If you don't own a Blue Card, the conditions of getting them are basically the same and include 5 years of stay in Germany. Neiderlassungserlaubnis is easier to lose (6 months outside of Germany) than Daueraufenthalt-EU (12 months outside of EU).

Interesting differences appear if you have a Blue Card:
Neiderlassungserlaubnis - you can get in 33 months if you know German on level A1 or even in 21 months on level B1 (that is why many relocated specialists quickly get this permanent residence and live happily ever after). If it was issued based on a Blue Card, you will lose it if you spend 12 months outside of Germany.
Daueraufenthalt-EU - you still need 5 years to get it, but the periods spent in other countries on a Blue Card are counted towards those 5 years. You need to spend minimum 18 months in each country, and minimum 2 years in Germany (the issuing country).
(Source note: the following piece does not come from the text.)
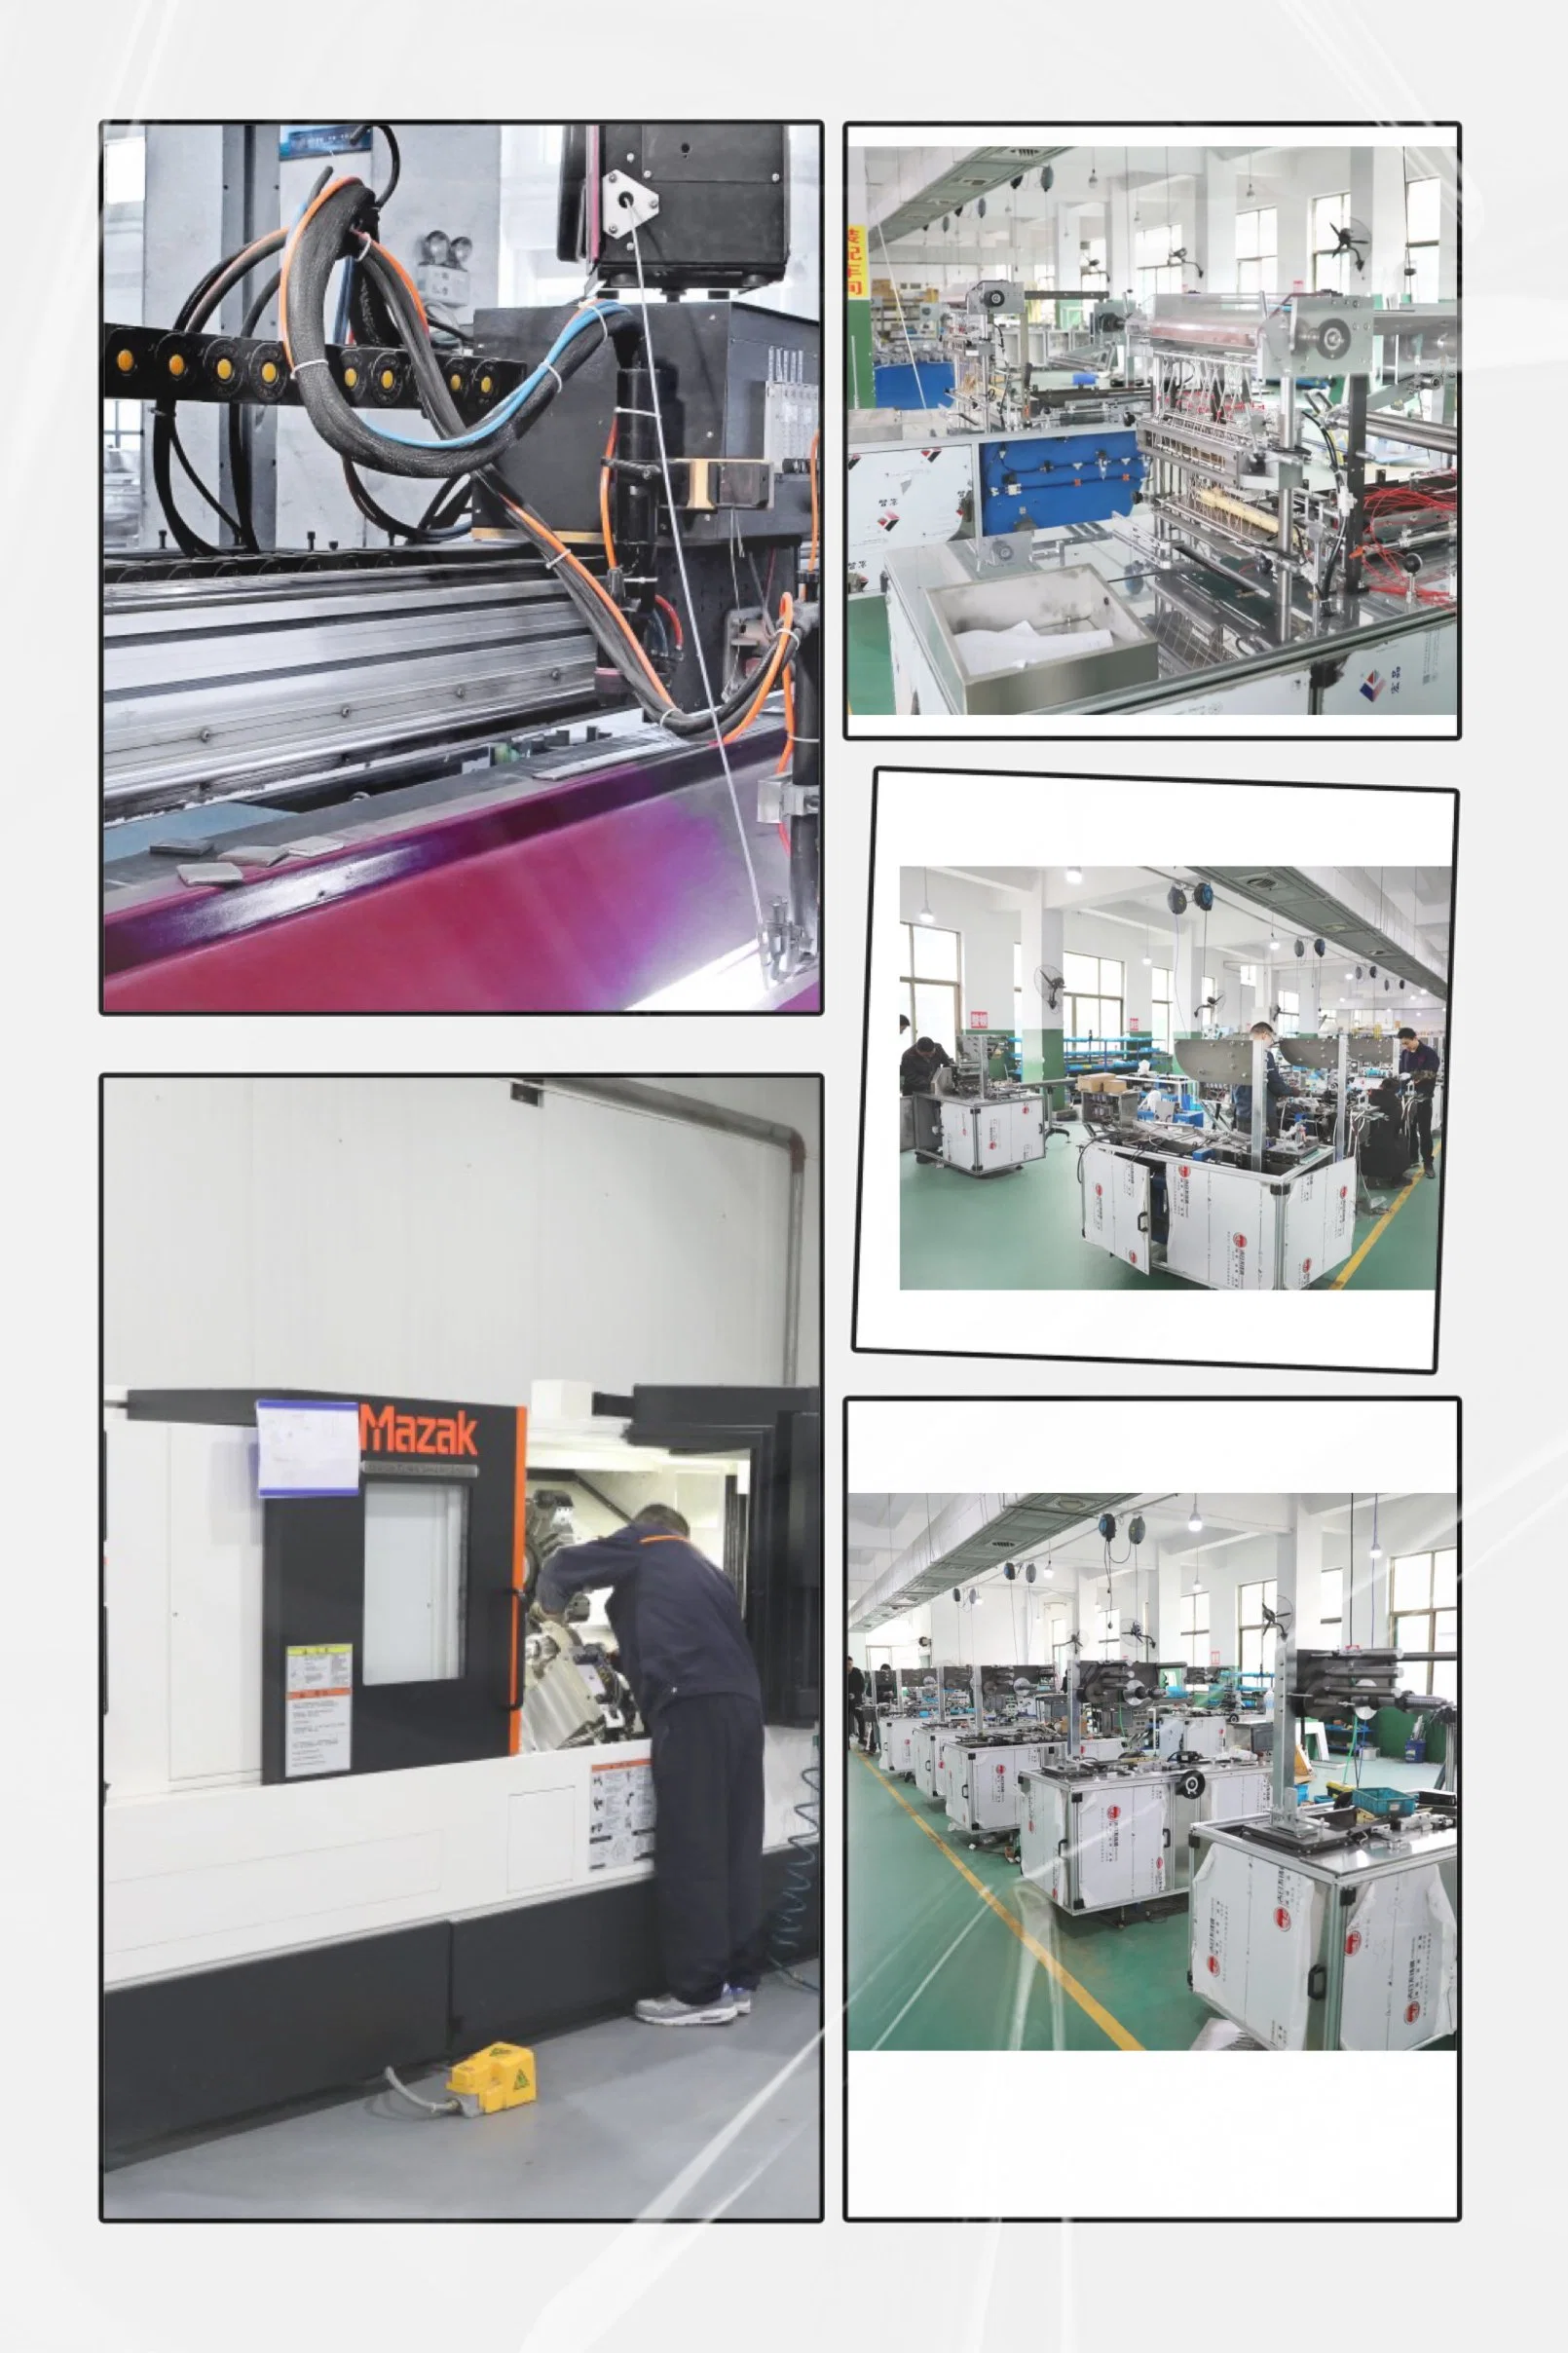 CD DVD Stationery and Other Industries Box Cellophane Overwrapping Packing Machine

If it was issued based on a Blue Card, you will lose it if you spend 6 years outside of Germany or 2 years outside of EU.
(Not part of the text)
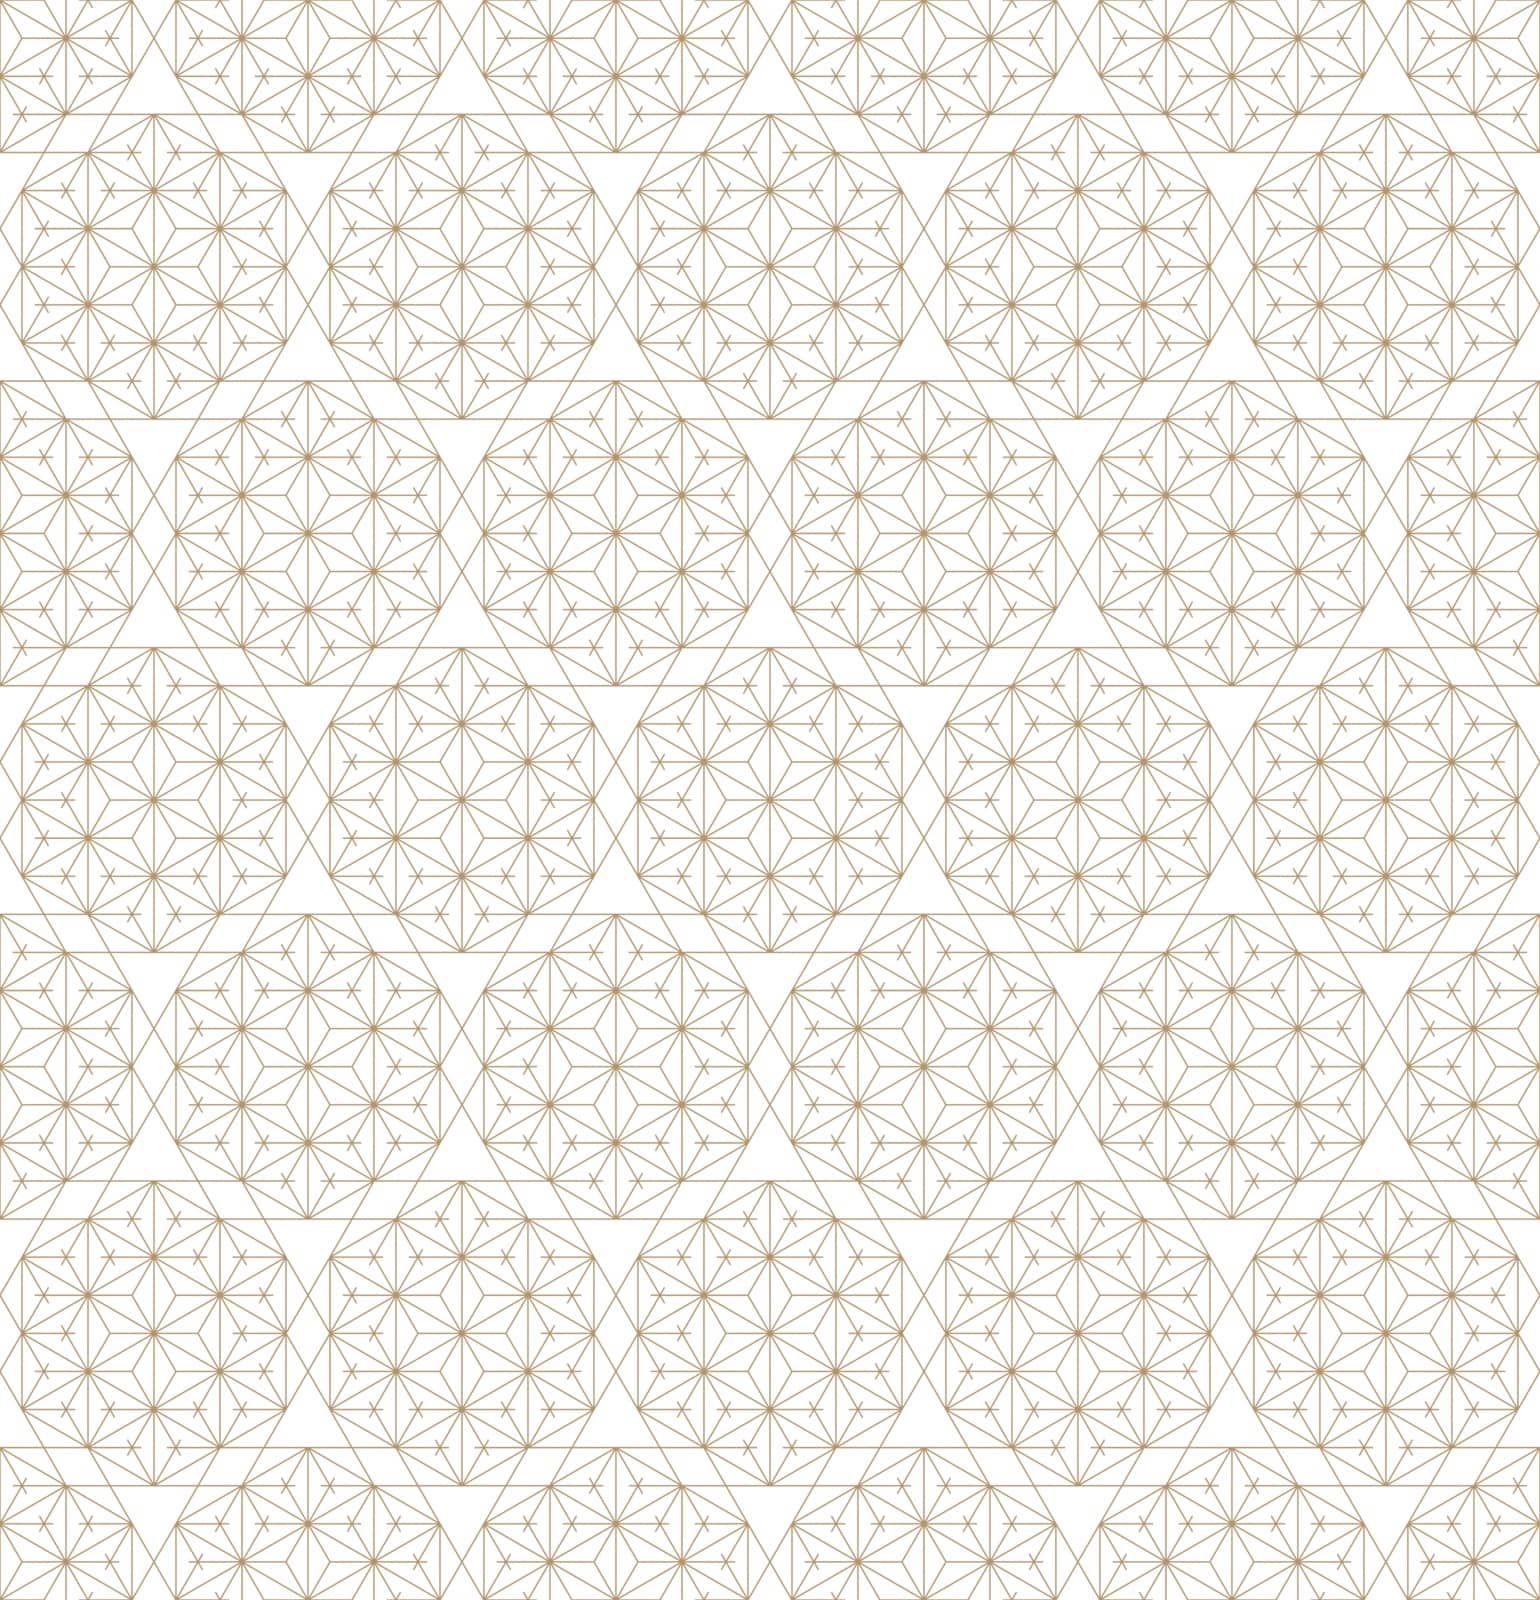 Japanese seamless pattern.For template,fabric,textile,wrapping paper,laser cutting and engraving. Background vector.Average thickness lines.Hexagon grid

I did not apply for Niderlassungserlaubnis, but decided to wait for an opportunity to apply for Daueraufenthalt-EU (2.5 years in Poland + 2.5 years in Germany).

One curious case I want to mention. In the conditions for Daueraufenthalt-EU
it says that it requires Sufficient knowledge of German and Basic knowledge of the legal and social system in Germany. However, the list of documents has no information on how you're supposed to prove these. During my communication with the Ausländerbehörde I asked many times whether I need to get a certificate of German language (which level and which exam), but they kept answering all other questions and ignoring this one. In the end, I applied without any such certificate, only providing the documents listed on the page. I was expecting that the officer during the appointment will ask me some questions to check my language knowledge or try to have small talk to verify 'sufficiency' of my knowledge, but in the end he only asked me to provide the documents I brought, asked me about my height and eye color to enter into the document and explained how I need to pay. I was really nervous about this appointment, because I can understand German really well, but still can't speak well. In the end, it was not a problem at all.

Hope this info helps.

I really appreciate your effort in sharing your experience. I was looking for comprehensive information on "Daueraufenthalt-EU", and I am glad that I know enough now. Thank you.

Hey  ,
thanks for the update . i had spent 4 years with Polish bluecard and came to munich 1 month ago .
I came here on Blue card visa  , i have to apply for Bluecard in germany soon . Do you know how i can transfer this 4years of Stay with bluecard in poland to Germany for getting a PR in future?

When you went for PR , what did they ask about Poland stay of proof.